Agile traditionally valued co-located teams. As agile and the world evolve and confront change, virtual teams in agile are normal and very effective when supported with appropriate technology and leadership.

Challenge – Dedicated Teams

In my own career, I’ve delivered projects with and without dedicated project teams. It’s unquestionably easier to deliver with a dedicated project team. Agile frameworks assume small, dedicated project teams, and agile projects face immediate impediments without dedicated project teams. Many organizations cannot grasp the importance of dedicated project teams for getting critical work done quickly and efficiently. Instead, these organizations spread out their people across multiple projects, creating the false sense that by touching many projects at once, they are somehow making progress on all of them simultaneously. This is a manifestation of the perpetuated myth that organizations must and can “do more with less.”

“Do more with less” is senior management bullshit often heard in organizations that recently downsized or that experience rapid growth but can’t or won’t staff up to handle it. One area where this is especially prevalent is in delivery of projects, whether agile or plan-driven. Many organizations ask the same group of people to operate their business and deliver multiple projects to enhance the organization at the same time and then wonder why they experience poor results.

The “do more with less” approach creates scenarios where operational and production emergencies delay or stop value-adding projects. This approach causes inefficiencies while lowering morale and causing turnover and automatically puts an organization’s projects at risk when the same people are doing everything. The risks come in two forms: tactical risks to the projects themselves and strategic risks from the delay in return on investment when these projects take much longer than expected.

Because agile focuses on rapid value realization, organizations that choose not to create dedicated project teams are immediately muting their outcomes. Practical agile values dedicated project teams and asks that organizations be practical in the following ways:
  • They focus on delivering the vital few projects in shorter timeframes.

  • They are willing to put the organization’s best people on teams dedicated to these vital few high-value strategic projects.

  • They prioritize ruthlessly to get these projects done quickly and efficiently without allowing production and operations matters to throw up unresolved impediments.

In practical agile, we do not delay high-value projects by assigning the people to handle production and operations and to multiple project teams.
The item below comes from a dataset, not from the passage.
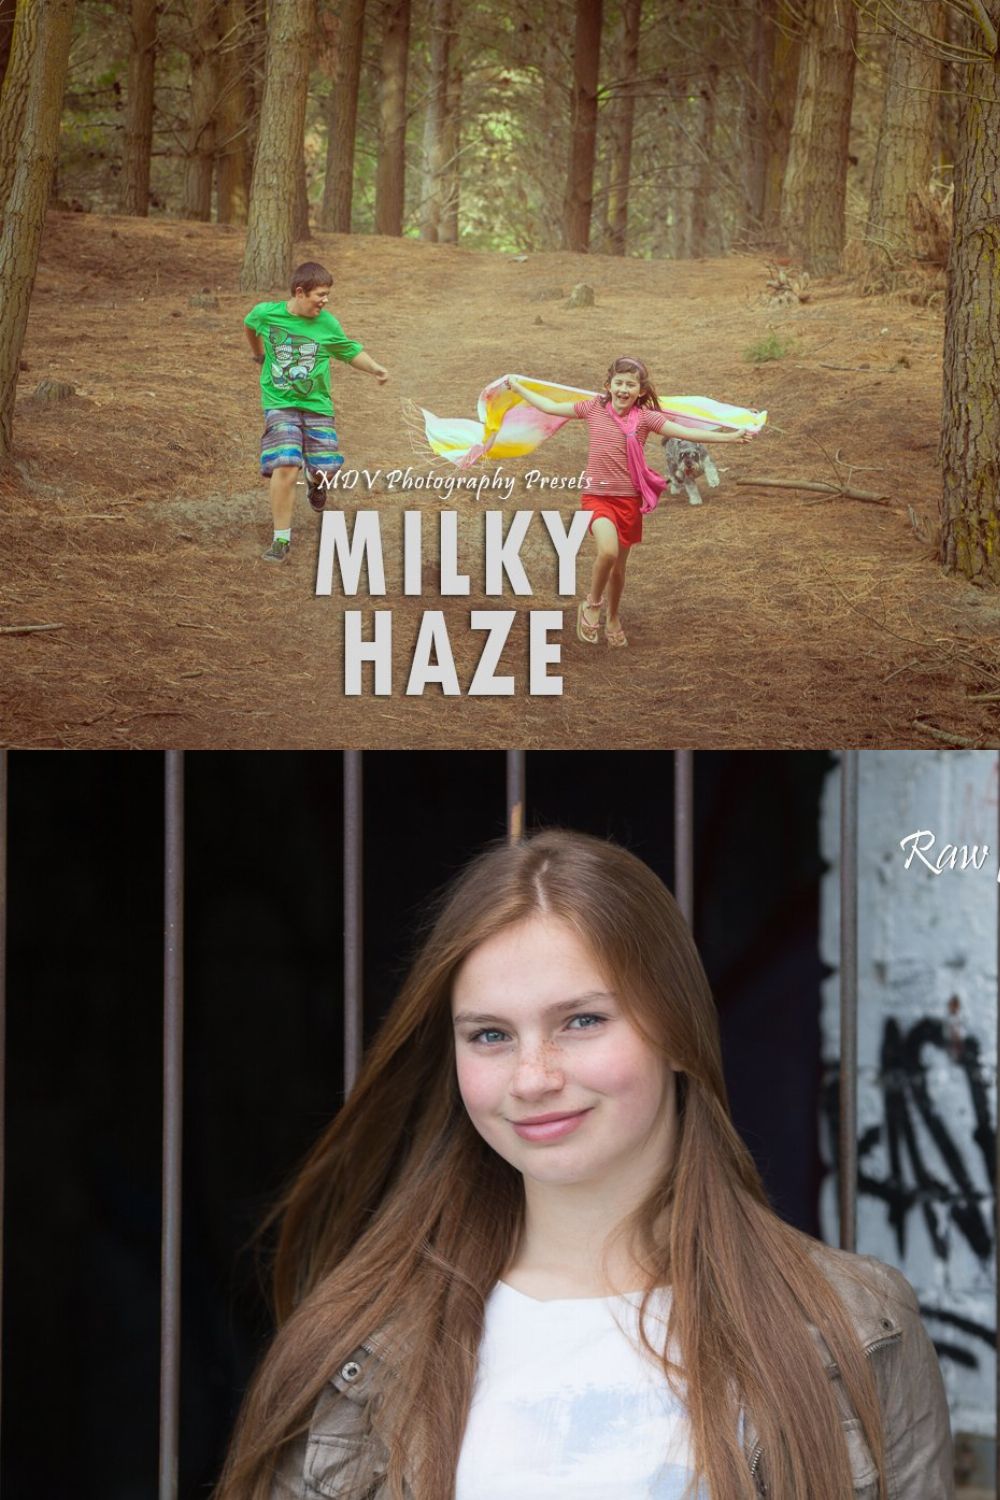 Milky Haze - Lightroom presets pinterest preview image.

This applies to the business as well as technology teams. Every contemporary company is effectively a technology company – therefore, the organization’s best business and technology people must be dedicated to value-creating technology-driven projects.

This is a significant change in strategic thinking and structure. Many companies organize and hire functionally and treat projects as exceptions to functional assignments. Agile requires companies to organize, plan, and hire based on value-creating projects and workstreams that can continuously transform the company. This approach also requires conscious development of organizational structure and hiring models that start new people and teams in operational and “keep the lights on” roles, while constantly grooming subject matter experts (SMEs) and technologists who can apply their growing experience almost exclusively to improving the business through value-oriented projects.
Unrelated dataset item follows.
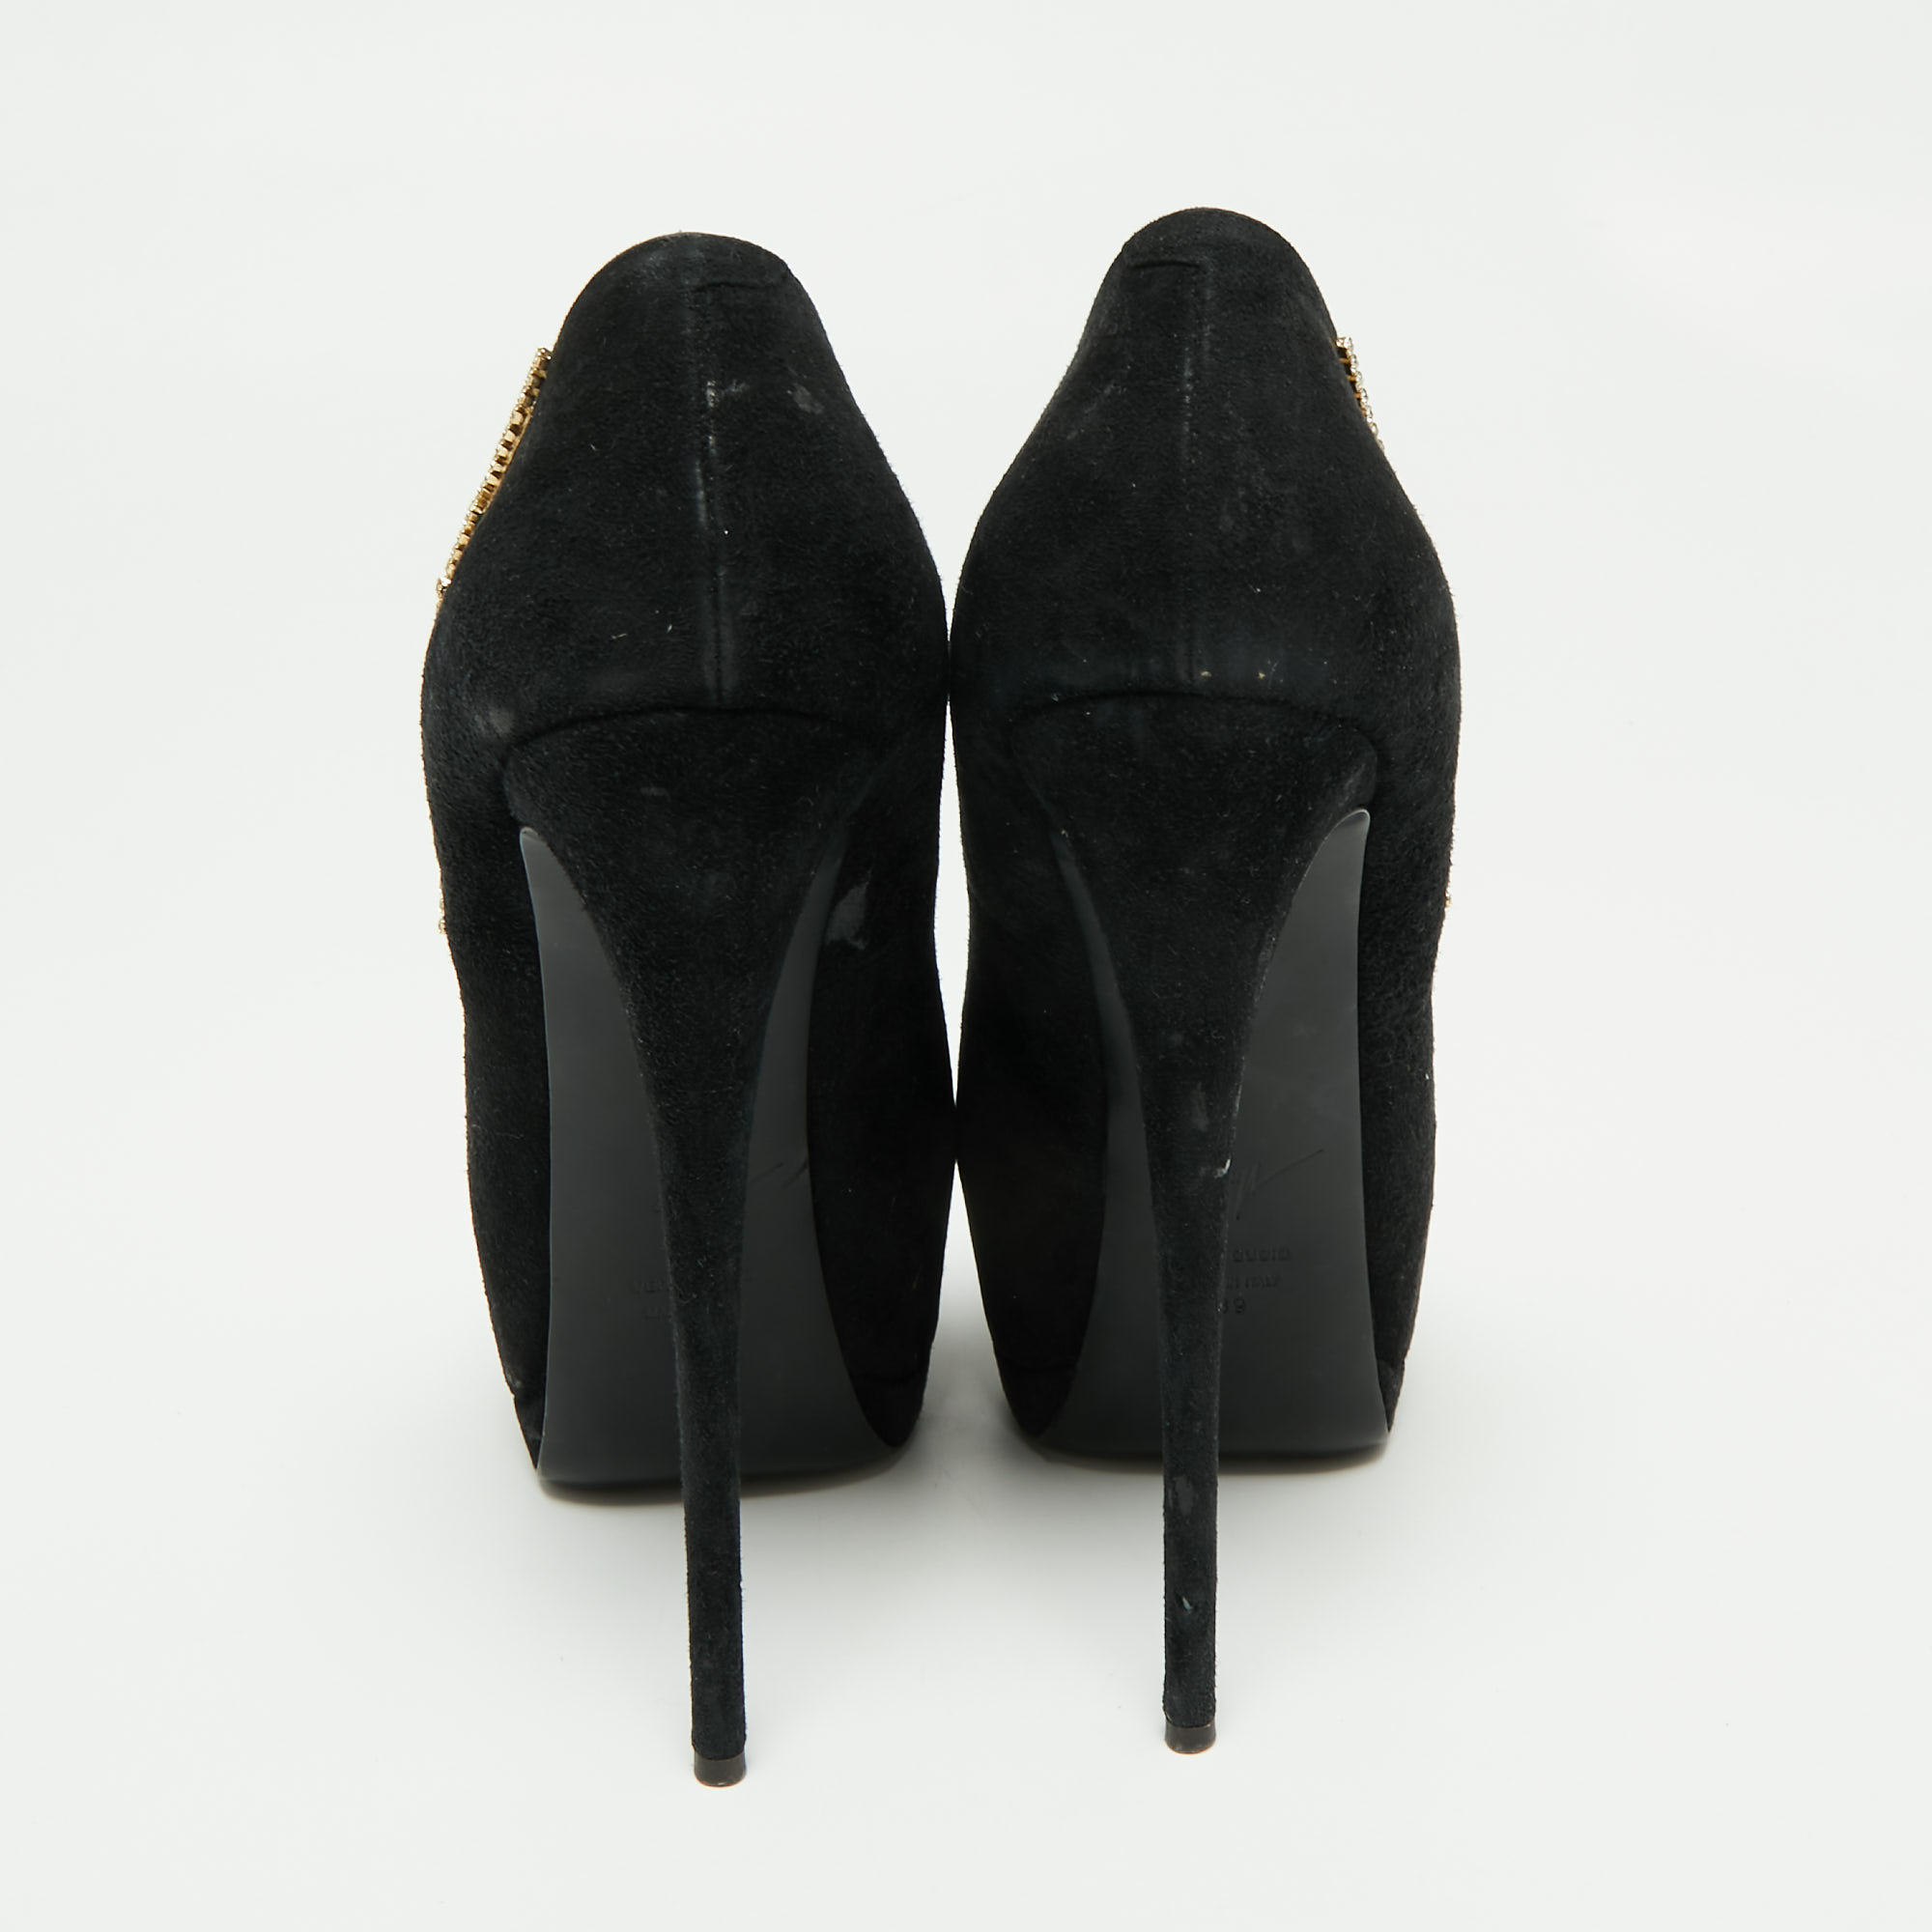 Giuseppe Zanotti Black Suede Crystal Embellished Peep Toe Pumps Size 39

Identifying and correcting the risks and inefficiencies caused by the “do more with less” syndrome requires agile practitioners and senior leaders to examine resource assignments within their project and program portfolios. If the same resources are assigned to multiple projects and are also responsible for operations and solving production issues, the core agile tenet of dedicated project teams cannot be realized.

Regardless of the project framework used to deliver projects, the most successful and innovative companies focus their best business and technology people and organize around delivering critical projects. These companies outperform their competitors – not by doing more with less, but by focusing on a vital few high-value projects, getting them done, and moving on to the next while shielding these project teams from operational distractions.
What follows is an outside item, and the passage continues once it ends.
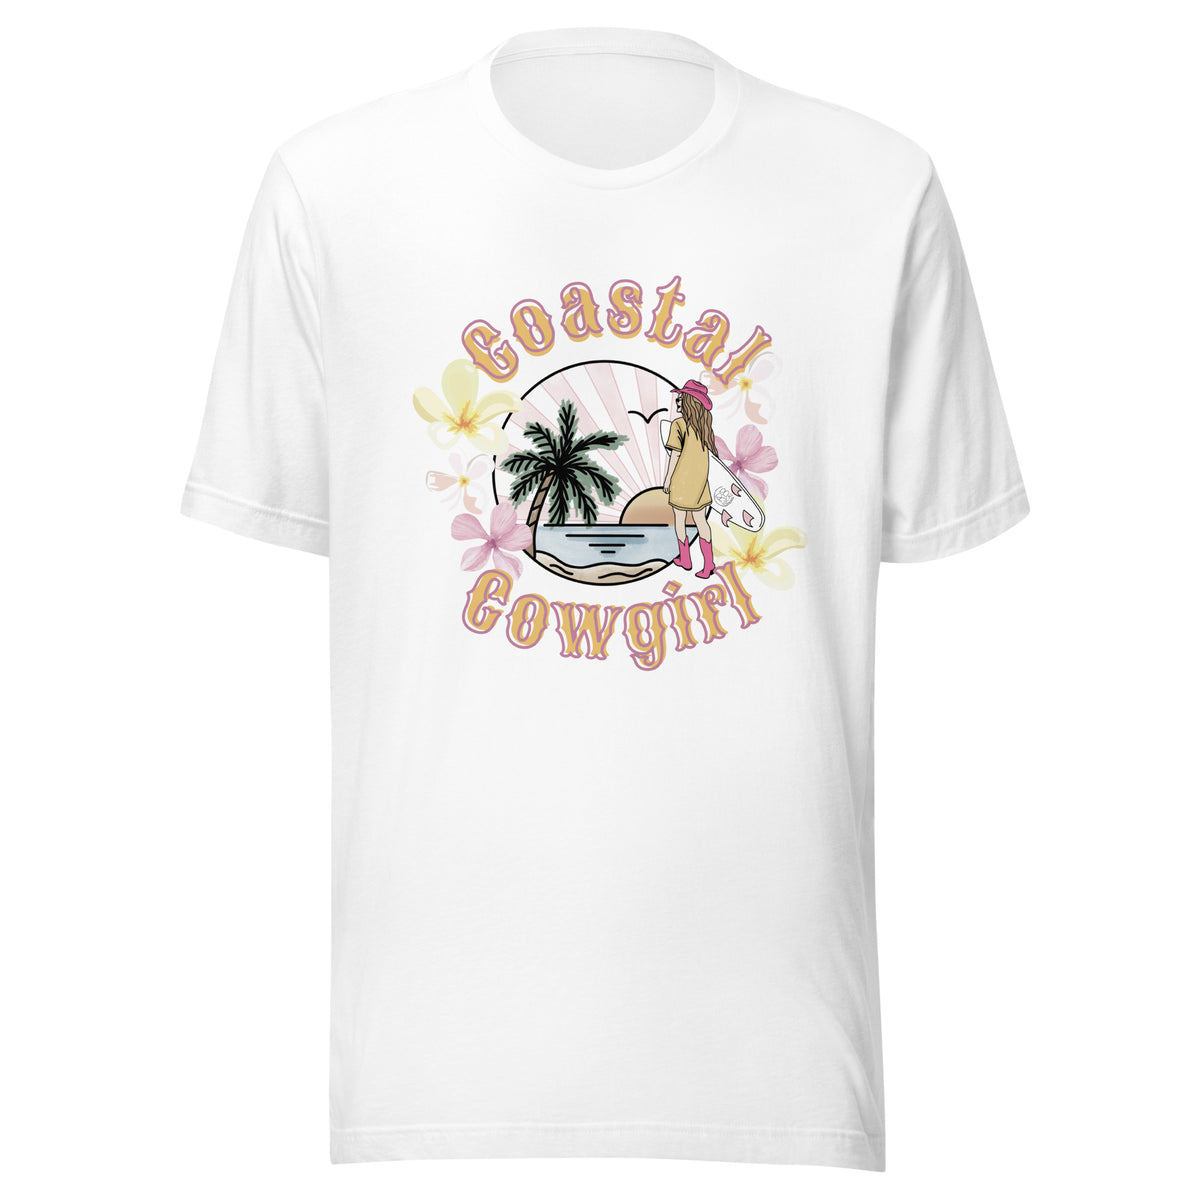 Coastal Cowgirl Beach Scene t-shirt

If you ever need a simple and practical example of how this works, draw the following scenario on a whiteboard:

Imagine you wake up one morning and find that somehow, there are five massive boulders blocking your three-car garage. In the garage, you have two cars and a boat. One of the cars is needed immediately, while access to the boat would be desirable, and access to the other car can wait a bit longer. You have your significant other and two strong teenagers as resources, along with the assistance of your neighbors who have volunteered to help.

Would you
  1. 1.

    Spread everyone out across all five boulders and ask them to try to move each one a little bit throughout the day?

     
  2. 2.

    Get everyone together on the boulders blocking access to the first car, move that one, then the boulders blocking the boat, and finally the boulders blocking the other car?

     

The obvious answer is (2). Yet organizations choose (1) all the time by failing to create dedicated project teams and hold themselves accountable for disciplined prioritization and vigorous, focused execution of a vital few projects.

Challenge – Cross-Functional Teams

In addition to small, dedicated, self-managed project teams, agile also assumes these teams are cross-functional. Cross-functional teams are valued because, in theory, these self-managed teams can work more quickly and efficiently than teams made up solely of specialists, or worse, reliant on specialists from outside of the team. Does this mean that everyone on the team should be either a generalist or know how to do everything that the project work requires be done? No – this is not realistic and would introduce its own inefficiencies.

I tell my students and the organizations I lead or consult for to think of cross-functional teams like this: Everyone is really good at their thing, knows how to do one or two other things well enough to pitch in, and everyone is accountable for checking for quality and helping to clean things up. Here are some practical examples:

For several years, my wife and I were fortunate to know a handyman (Joe) who did a lot of repairs and renovations to our house. Over the years, Joe remodeled bedrooms, basement rooms, bathrooms, kitchens, and decks. Joe knew how to do several things really well, knew enough to take on some other things, and also knew his limitations. For larger projects like our basement office and kitchen, Joe assembled small cross-functional teams. Joe was a good project leader and brought in Don for detailed design and carpentry, and a couple of other guys for general carpentry. Don also knew plumbing quite well, and everyone knew how to drywall, lay flooring, and how to paint. When they needed electrical, they brought in that specialty for the specific task.

Both our basement office and our kitchen remodel projects had to be done in specific four-week windows, and Joe and Don effectively ran each week like a sprint, with a backlog of work to be done each week and goals for each day of work. When one of the team was done with his specialty work for the day, he would assist one of the others, and everyone checked out the quality of the work completed each day and helped to clean up the jobsite.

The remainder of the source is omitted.